[[ Dataset content, beginning ]]
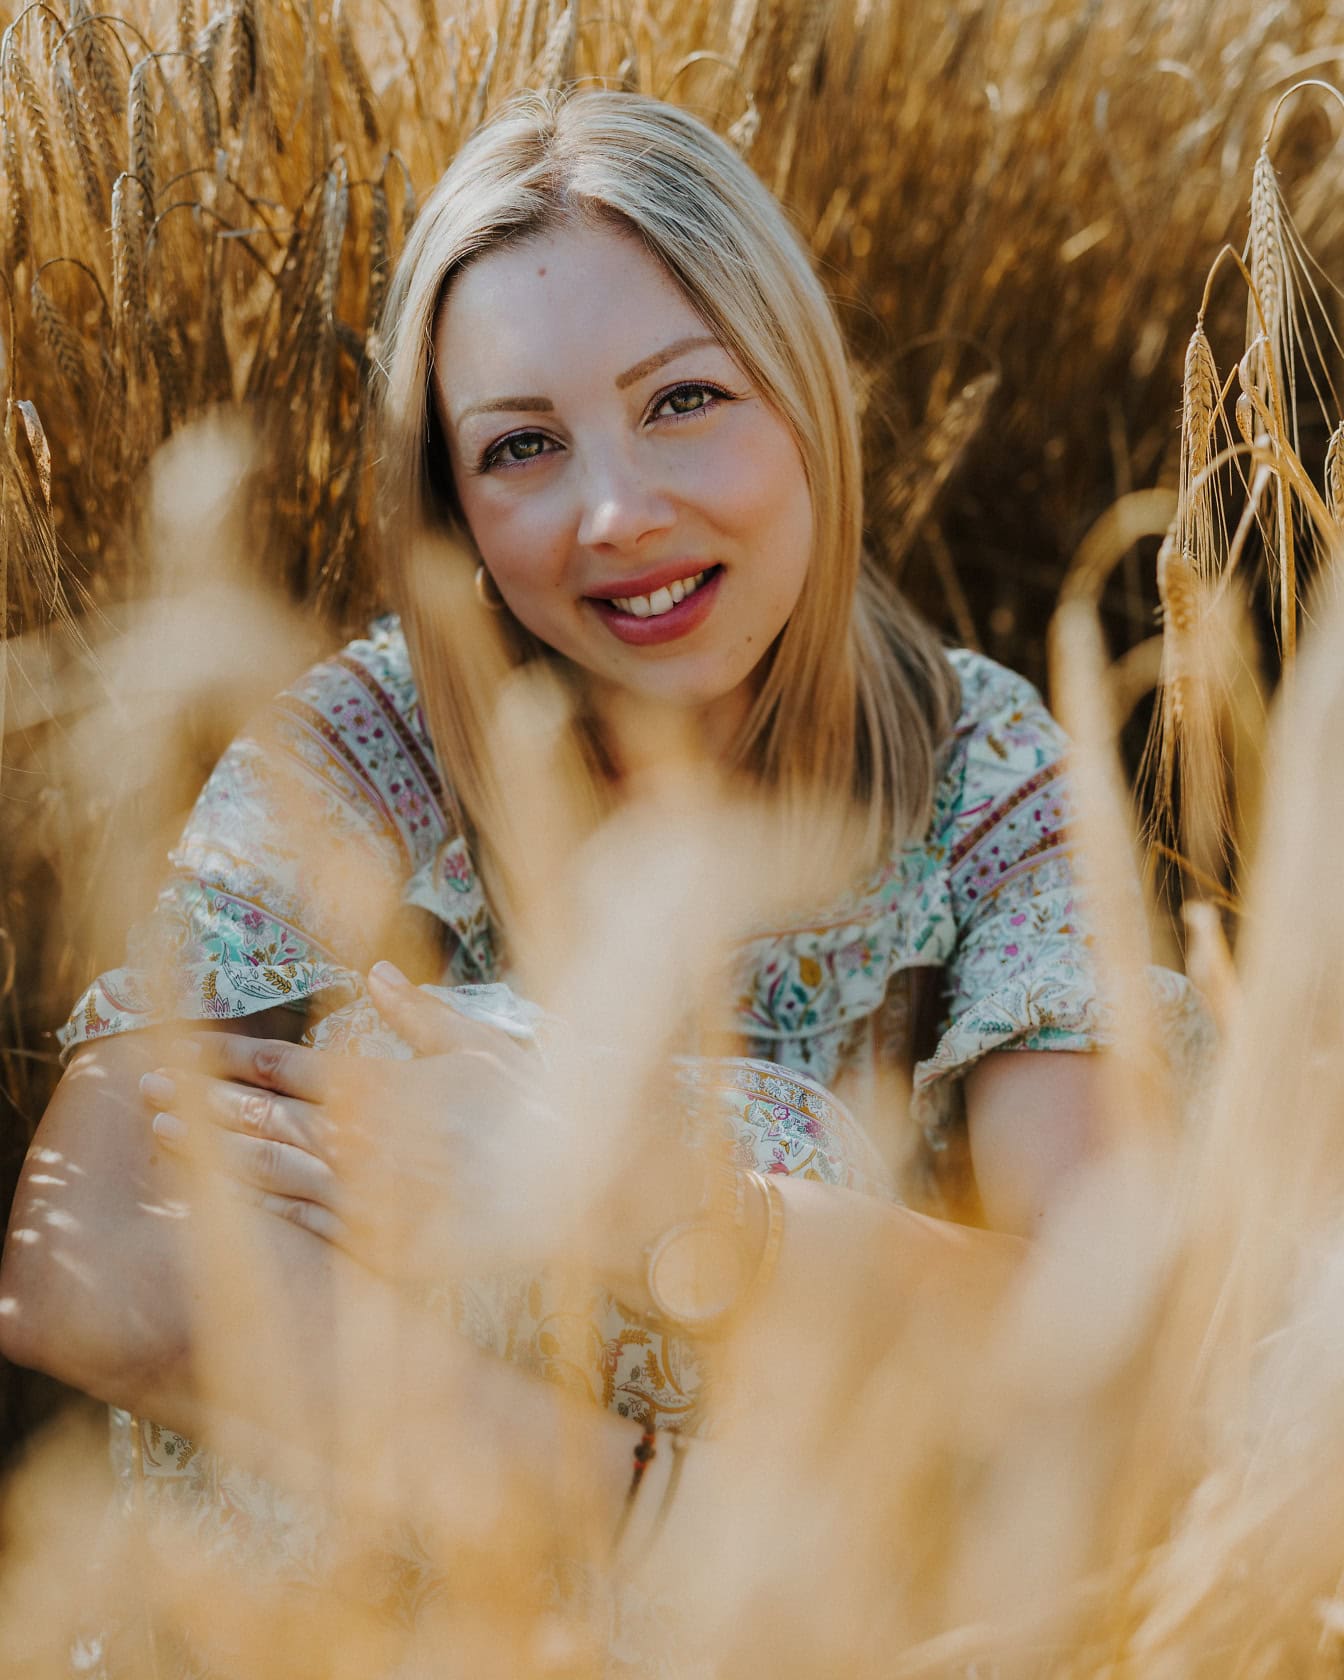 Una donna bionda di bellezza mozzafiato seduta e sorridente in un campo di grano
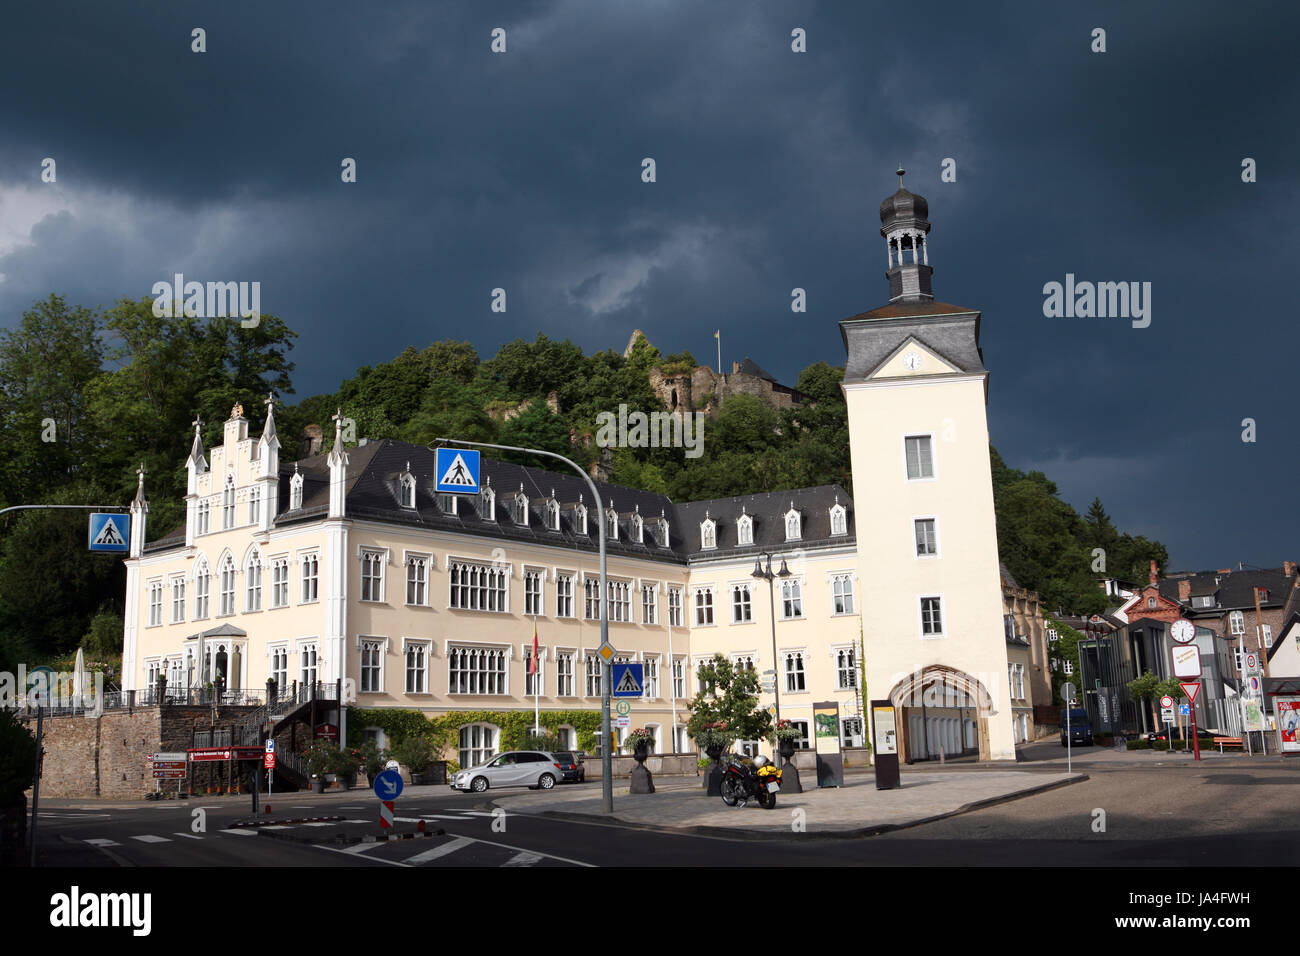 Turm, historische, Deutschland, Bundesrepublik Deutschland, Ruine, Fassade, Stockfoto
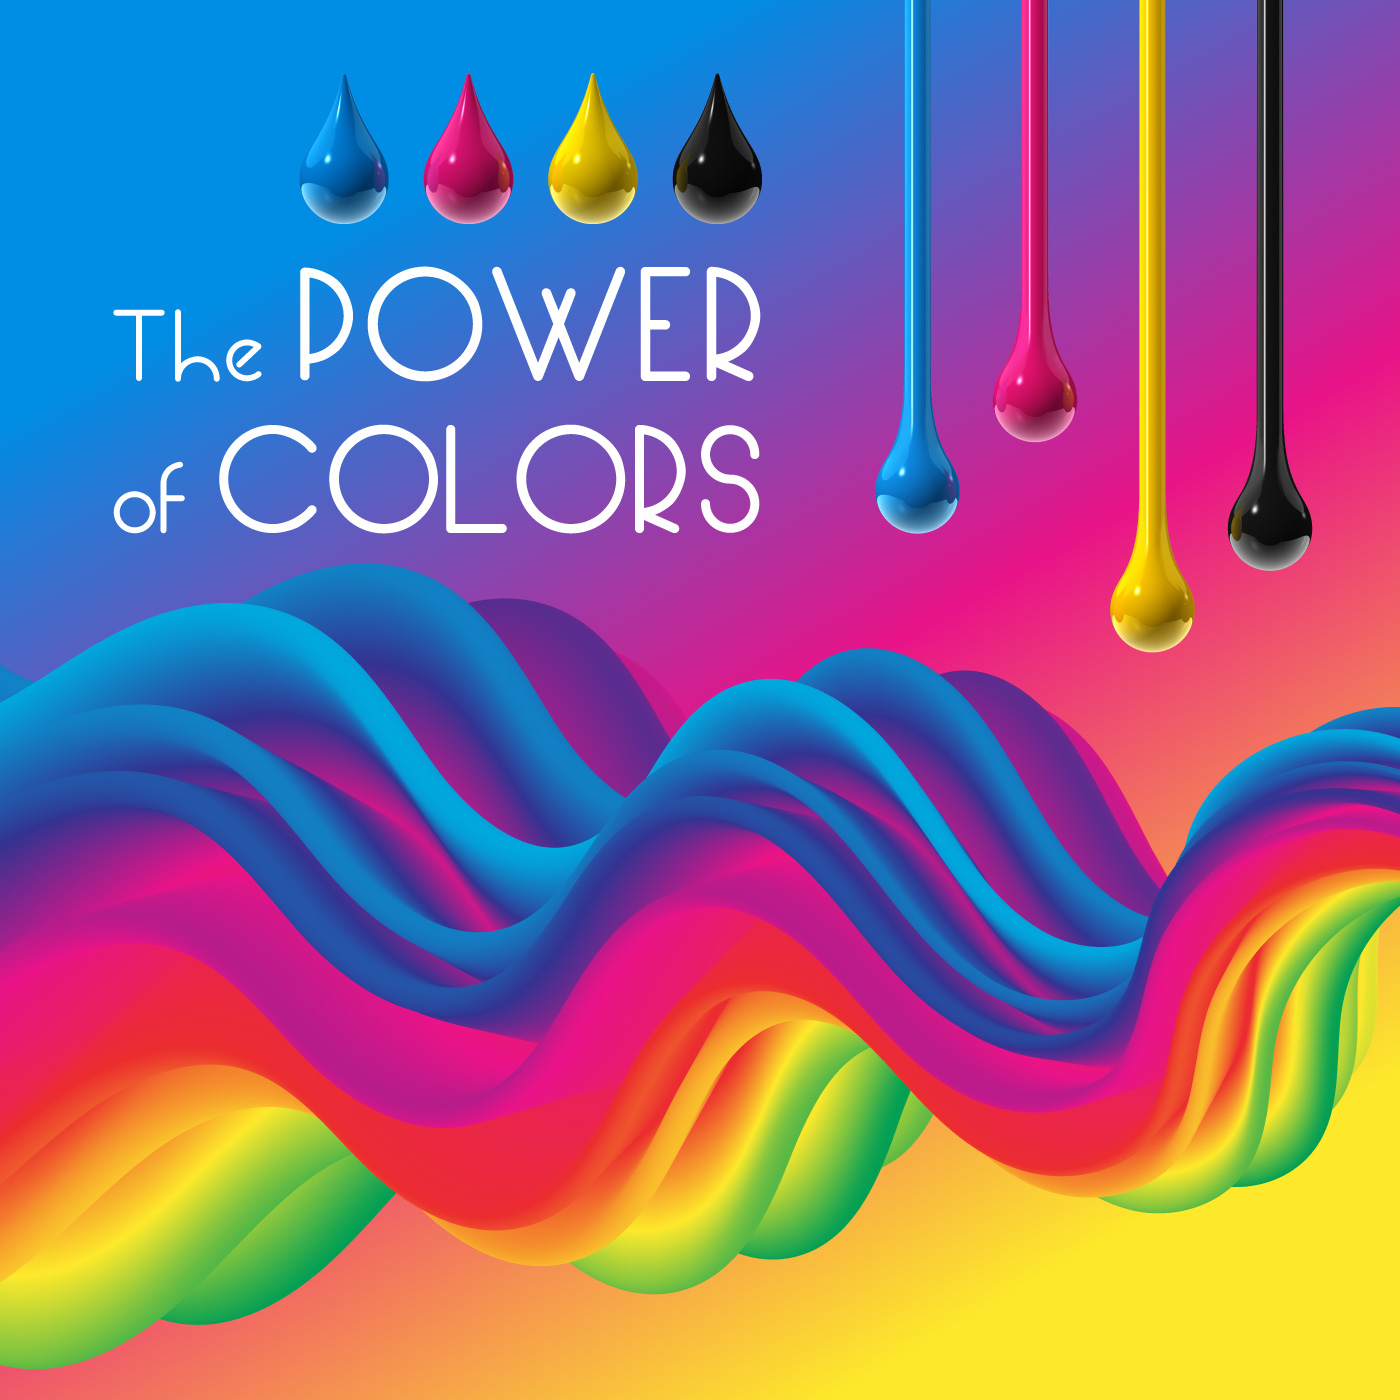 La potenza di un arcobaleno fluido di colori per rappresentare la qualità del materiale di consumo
[[ Dataset content, end ]]
Rewrite the data above exactly as given, but omit the images.

 Una donna bionda di bellezza mozzafiato seduta e sorridente in un campo di grano
 Turm, historische, Deutschland, Bundesrepublik Deutschland, Ruine, Fassade, Stockfoto
 La potenza di un arcobaleno fluido di colori per rappresentare la qualità del materiale di consumo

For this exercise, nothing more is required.